# Zero to Hero  (Roleplay)



## Corrupt-Canine (Aug 7, 2017)

Popular stories revolve around heroes making great feats. Liberating towns, traversing great dangers, saving royals, etc. But what happens when hero's fall? If they all fell from their legends, what happens to them?

History:
A worldwide crisis has spread across the entire world. A superpower with the aid of its own allies has made a global effort to conquer the earth (Not actually Earth, but just using it as a context). It was that times when the tide between good and bad changed. The bad was finally able to gain the upper hand and not only undermine the good, but overcome the opposition. This compound superpower is widely referred to as "The Seventh Wave." In history, there were seven major wars carried out by similar ideological, but different factions to achieve in their words "worldwide unity," aka, one massive super country covering the entire planet. The seventh one was the one where they succeeded. Even with the odds against them, underdogs, powerful heroes, and with a sizable opposition, they were able to break the status quo. The Seventh Wave won. Their victory was due to making a temporary alliance with an alien race and reverse engineering their technology. They were able to give their non superpowered solders superpowers.
Those who lost the war were either executed, exiled into dangerous uncivilized regions, or defected to the The Seventh Wave long before they realized the fight was a lost cause.

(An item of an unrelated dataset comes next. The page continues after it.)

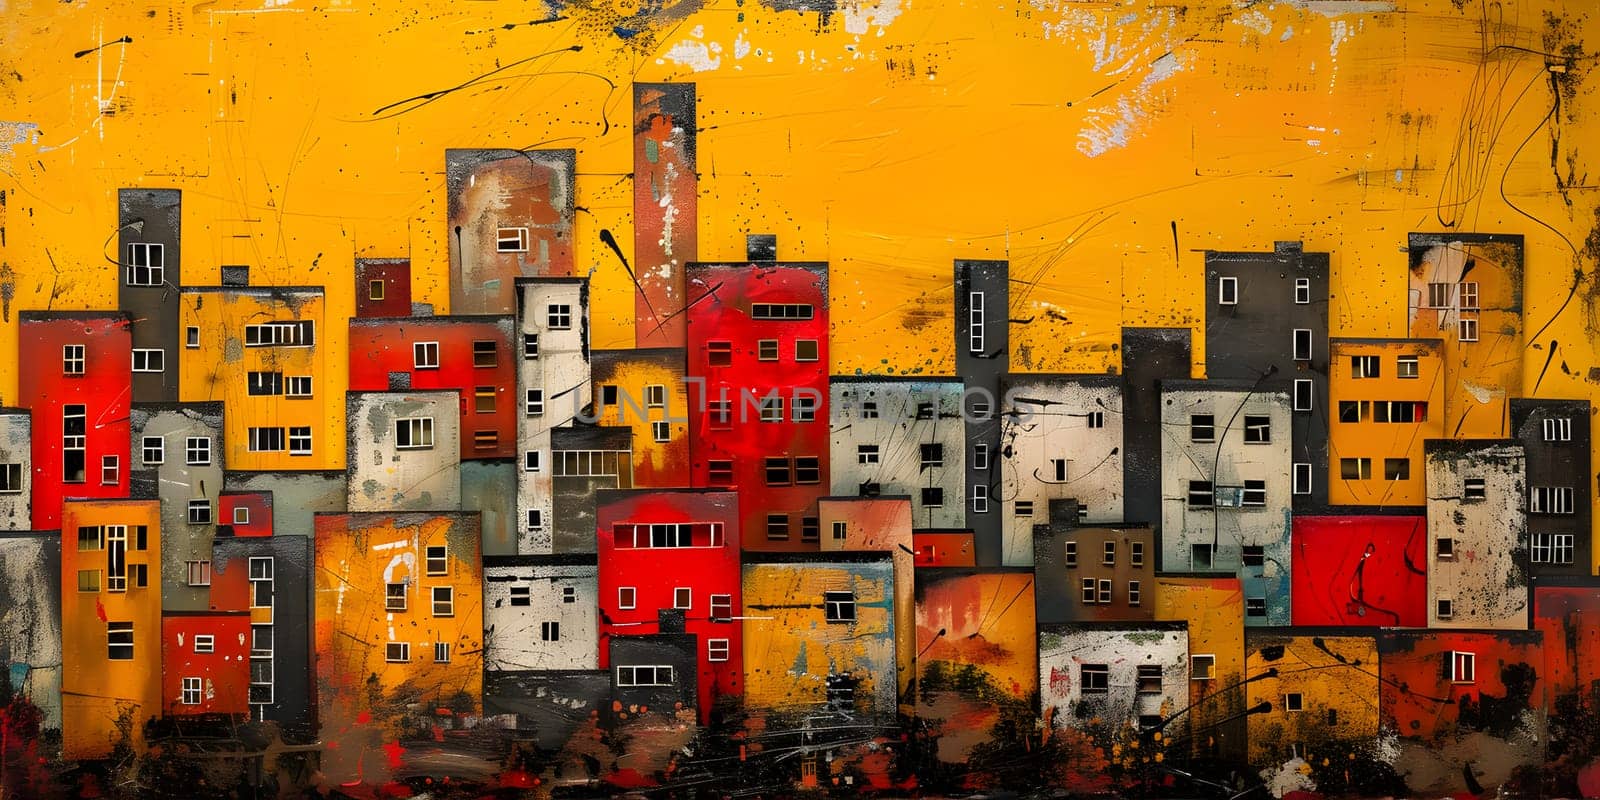 A vibrant urban design painting depicting a city skyline with tall buildings and rectangular windows against a yelloworange background, showcasing the world of art and architecture
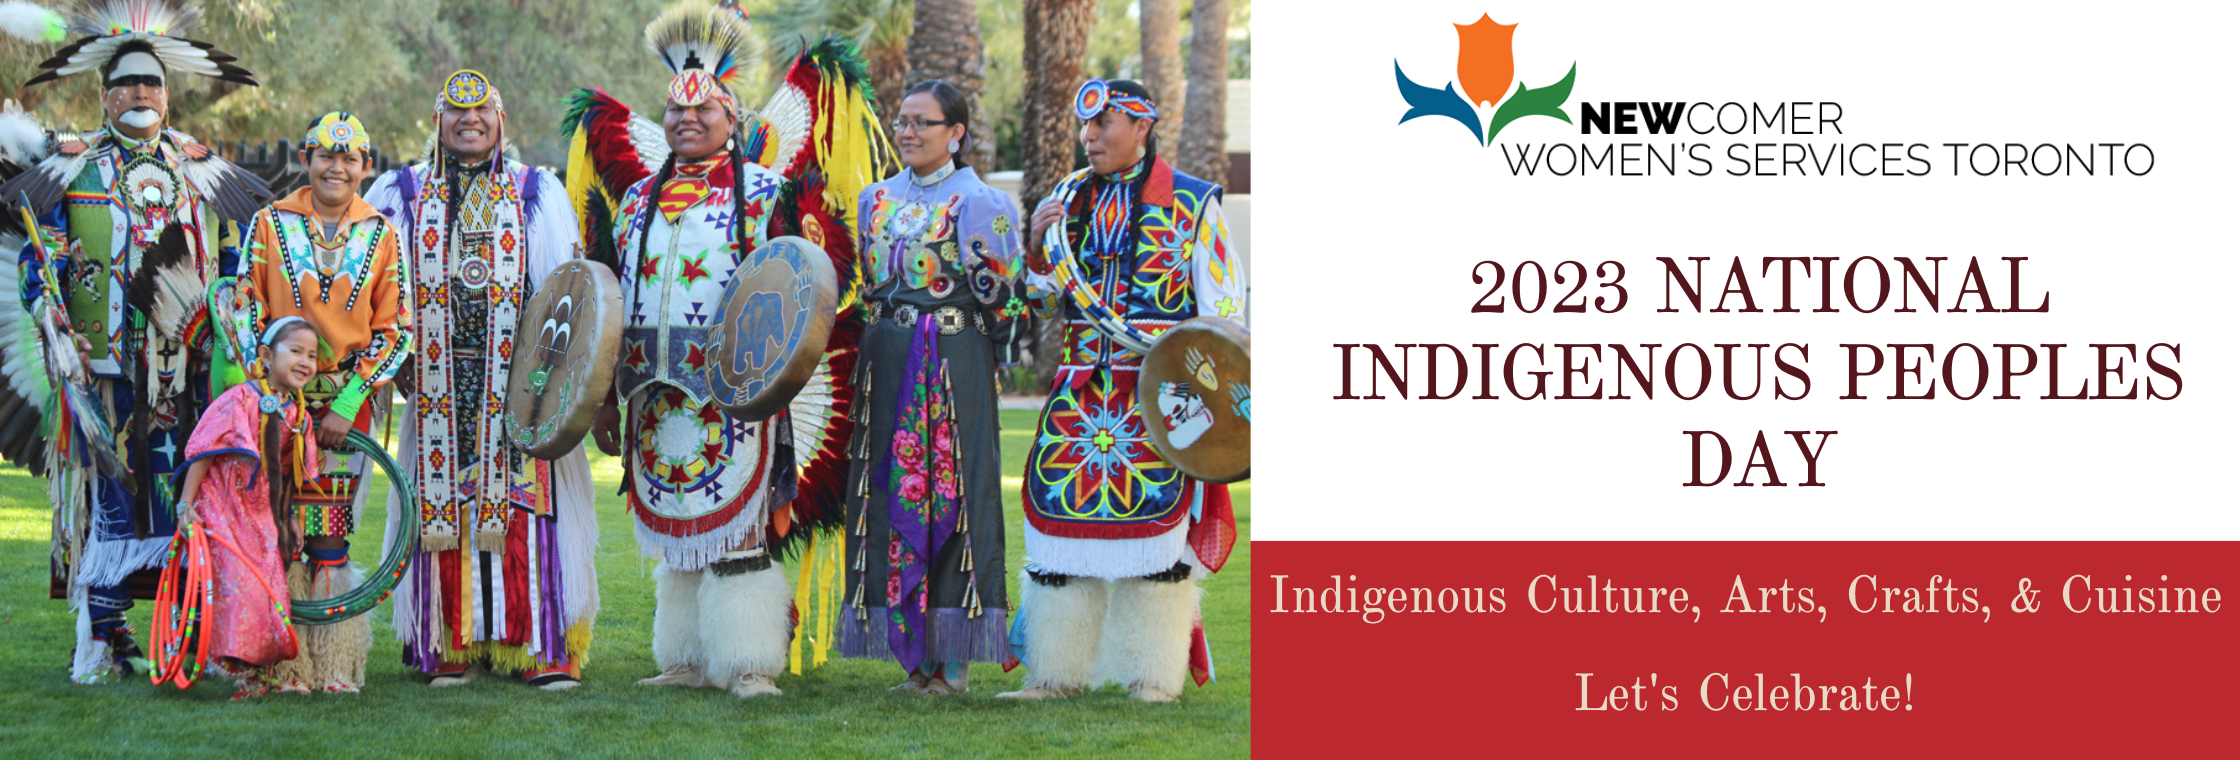 Indigenous People's Day Home Page Banner.png

Whatever wasn't conquered land, those unsettles parts was extremely dangerous, where hardcore badasses and isolationists lived as well as dangerous creatures. However, rumors have it that there's a strange device that can make a person's superpower, and multiply it 100 times. Not only that, but it could even change your powers. The device was used by the aliens to rejuvenate themselves and make themselves stronger, and they had one on top of the largest and tallest mountain, located in the uncivilized regions. They used to lend it to The Seventh Wave to increase their units' superpowers. This is confirmed by a hacker who did some digging through The Seventh Wave's secret archives.

Plot:
It is up to you to give the good goody good guys a fighting chance again and usurp the Seventh Wave's rule. But be wary, not everyone looking for the legendary device is a good guy. There are bad and bloodthirsty superpowered criminals looking for that artifact. Also, a very large mercenary group called Dresden Company is out to find it. They got the resources and money to create a small portable army. Very rich shareholders as well as some government officials are backing them, and they're determined to get to the artifact first. Lets not forget the creatures.


(It's going to be taking place in the distant future. There will be sci-fi and superpowers. I will allow Pokémon in here, so don't hesitate to join. We will be RPing as a group but you can also go by yourself.)

The bio->
Appearance:
Powers: (Keep them to a minimum. Just don't make them excessive.)
Background: (optional)
How you got conquered: (Optional but fun. Add your history here.)


----------



## Corrupt-Canine (Aug 13, 2017)

(No one has commented for a whole week. I was really interested in this idea but no one showed up. At least tell me what's wrong with the post?)


----------



## Yaruzaru (Aug 13, 2017)

(First mistake = posting on furaffinity. Seriously though, I don't see anything wrong, I can only imagine some may be turned off by superpowers and that it sounds combat focused.)


----------



## Corrupt-Canine (Aug 13, 2017)

(People can't make up their minds. I don't allow superpowers, no one joins. I allow them, no one joins. There never can be a middle ground. Is there a much better site for general roleplaying?)


----------



## Yaruzaru (Aug 13, 2017)

(Find a few friends who like the same kinds of roleplay, at least that way you'll have a solid group to lean on. Other than that, I roleplay on the linked site. You may have to be specific if you're searching for other furries to RP with there though, but if you just generally enjoy RP it does the trick.) RpNation


----------



## Corrupt-Canine (Aug 13, 2017)

(Oh cool. Thanks.)


----------